Он проскочил границу времен и оказался у подножья Кровавой горы, в рваной тени отвесных остроконечных скал, со снежных вершин которых дул ледяной ветер. Он увидел молодого человека: крепко зажав в толстых, как у негра, губах самокрутку и жадно затягиваясь, тот держал в левой руке ружье наизготовку и острыми из-под черных мохнатых бровей глазами щупал местность вокруг, выискивал чей-то силуэт. Прежде, чем подняться сюда, к подножью Кровавой горы, человек с ружьем несколько ночей просидел в своей землянке при свете семилинейной лампы и, дымя самокруткой, все думал-передумывал. И так думал, и этак, затосковавши от дум, выходил из землянки, шел на берег Куры, которая катила свою волну, под одинокой луной, в самой середине неба, слушал ночные шорохи, и додумал, наконец, или может быть, бросил думать, зарядил ружье, завернулся в епанчу и ранним утром, еще до птиц, вышел из деревни и пошел по тропе, ведущей к Кровавой горе. И теперь уже все - хоть мир пополам тресни, хоть горы с места сойди и в лепешку его раздави, человек с ружьем должен взвести курок и выстрелить, переполошить эти горы и ущелья и убить человека. Так уж ему на роду написано и ничего-с этим не поделаешь, такая ему доля вышла.

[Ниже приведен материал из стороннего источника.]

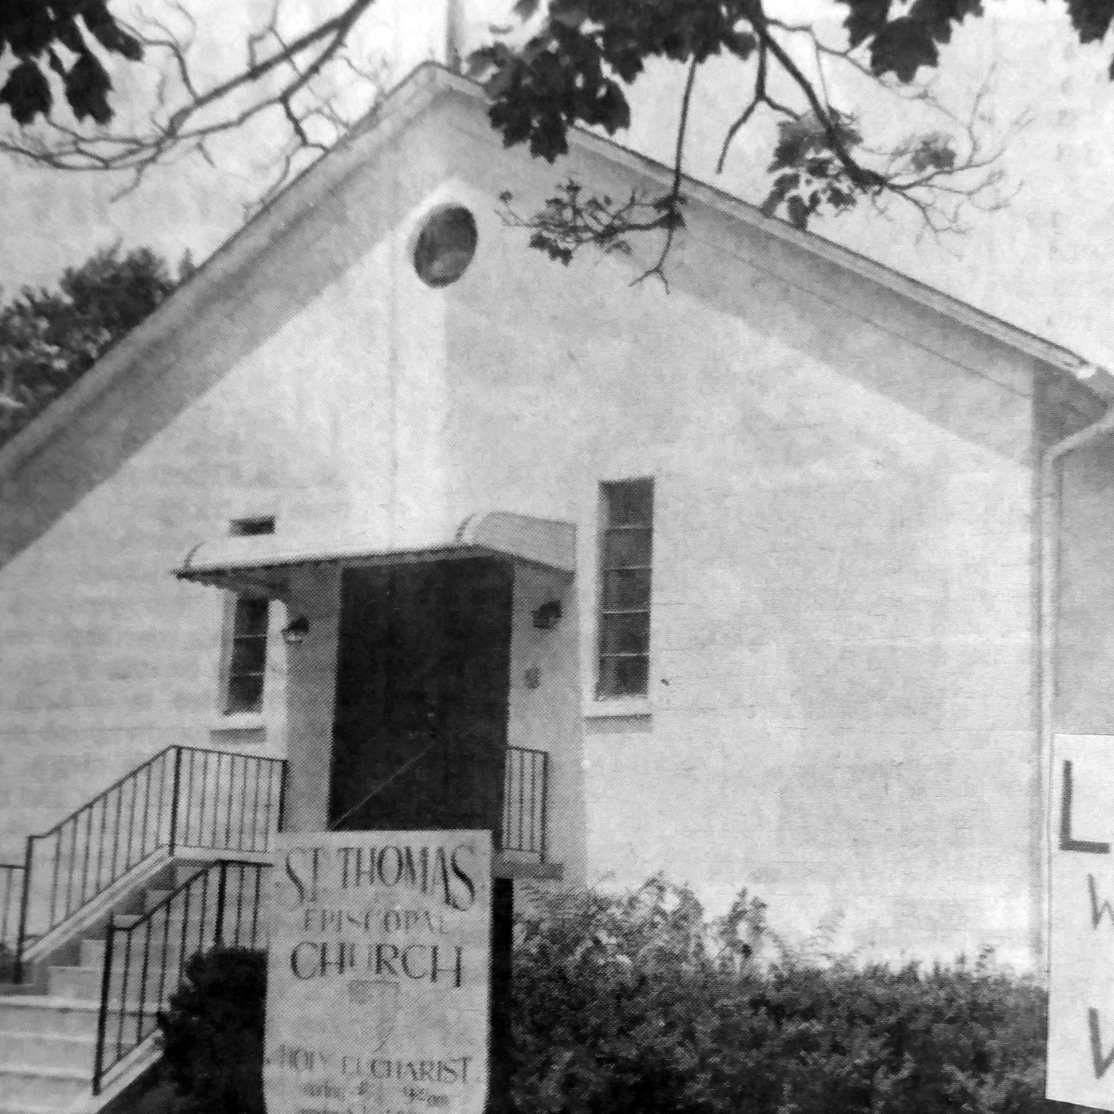 An old black and white picture of the St. Thomas Church

"Будет сделано, товарищ Салахов!"

Когда он поднял и перекинул поперек лошади труп Сарыджа-оглу Мухаммеда, с гор вдруг со страшным воем сорвался ветер. Сорвался и затих, затаился. А он, повесив ружье через плечо, сощурился и огляделся вокруг, и ему подумалось, что эти горы, может быть, с сотворения мира живой души не видели... если бы не два этих выстрела и звериный, вырвавшийся из самого брюха мык Сарыджа-оглу Мухаммеда. Прислушиваясь, как в груди у него переворачивается сердце от этой нетронутости, он посмотрел на лошадь, которая, почуяв кровь, беспокойно грызла удила, и завопил во всю мощь своих легких: - Сгорел я, испепелился, э-эй, горы!..

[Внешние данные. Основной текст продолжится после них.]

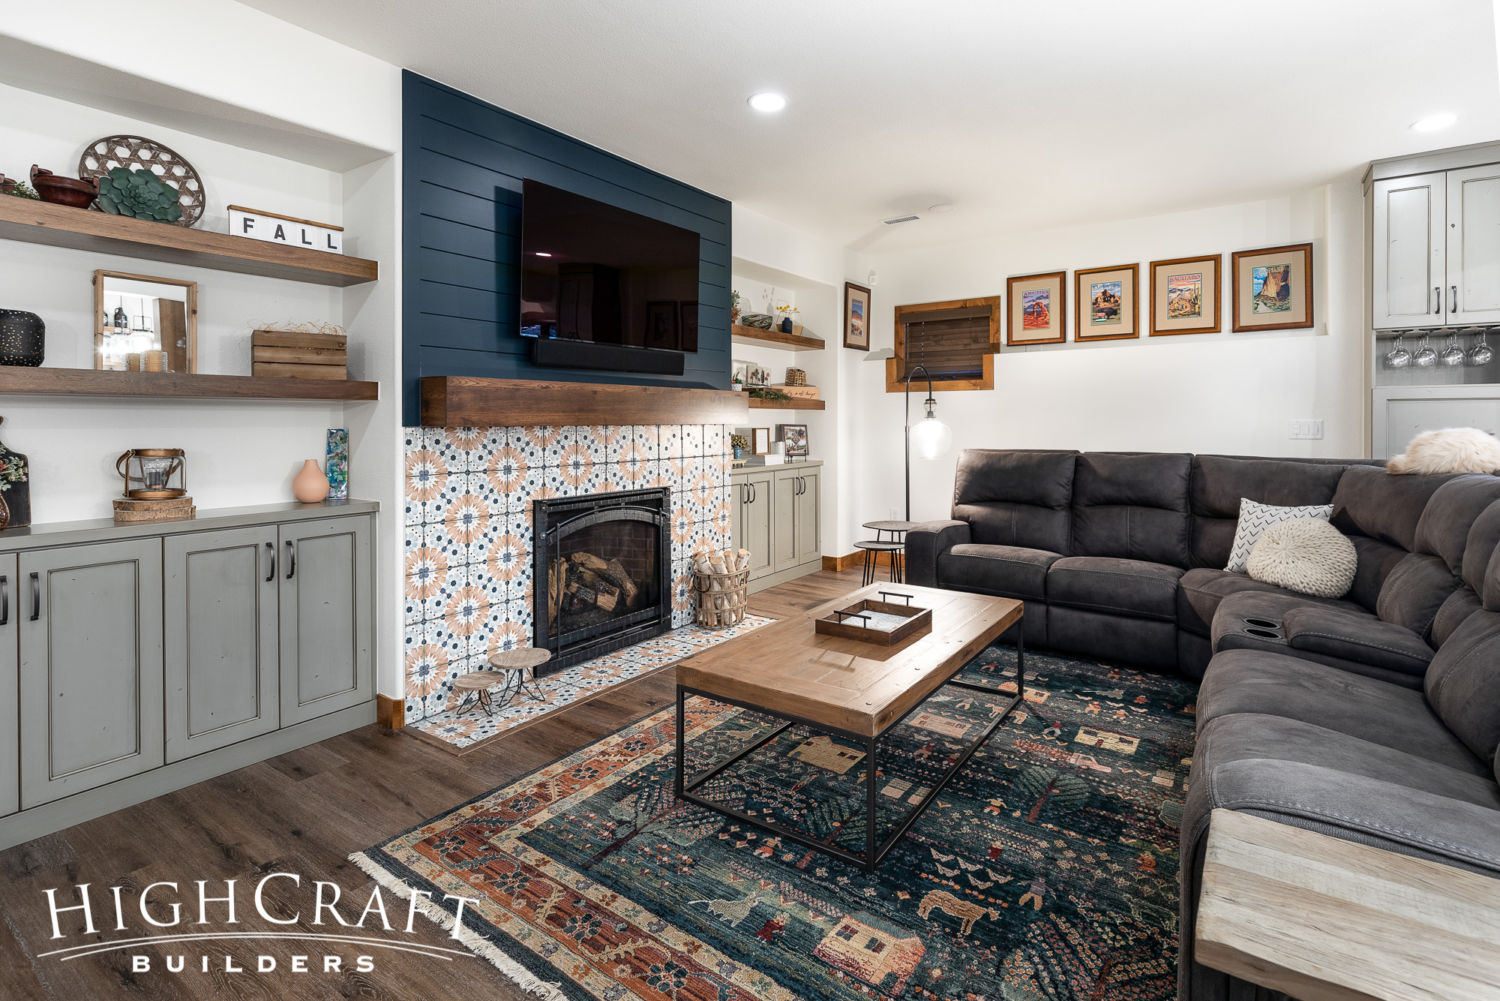 basement-finish-floral-pattern-tile-fireplace-surround-family-room-angle

... На лестнице послышались тяжелые шаги Салатын; Мошу позевывая и потирая слипавшиеся глаза, поднялся, чтобы открыть ей дверь. Салатын внесла большой поднос, уставленный тарелками с отварной курицей, зеленью, десятком свернутых в трубку лавашей и непочатой бутылкой водки. У Махмуда при виде водки подкатило к горлу, тутовка, которую он пил с Селимом в шашлычной Халила, и от которой у него так страшно горело нутро, еще не вся из него вышла; может быть, лучше не пить, подумал он. Но эту нерешительную мысль тотчас перечеркнула другая: нет, надо выпить, хотя бы стопочку, а то холод из костей не выйдет.

Зульфугар-киши открыл глаза, поискал кого-то и спросил у дочери:

- Куда Темир подевался?

Салатын, с помощью сына накрывавшая на стол, сказала, не оборачиваясь:

- Ох, уж мне этот Темир! Выхлебал полбутылки водки, заел горбушкой хлеба, выругал Тамариных отца и мать и завалился спать.

- Не плакал? - спросил Махмуд.

- Не-е-ет, что ты? Сразу спьянел. Но до чего же у него сердце мягкое, доктор Махмуд, до чего же добрая душа этот татарин... - Салатын обернулась и посмотрела на Махмуда, в ярком свете люстры явственно обозначились красные прожилки в ее глазах. - Побольше бы таких людей на свете, тогда бы и зла стало поменьше.

- Нам всем, стало быть, в пьянчужки записаться? - весело сказал Махмуд. - И круглые сутки у станционного буфета околачиваться. Так, что ли?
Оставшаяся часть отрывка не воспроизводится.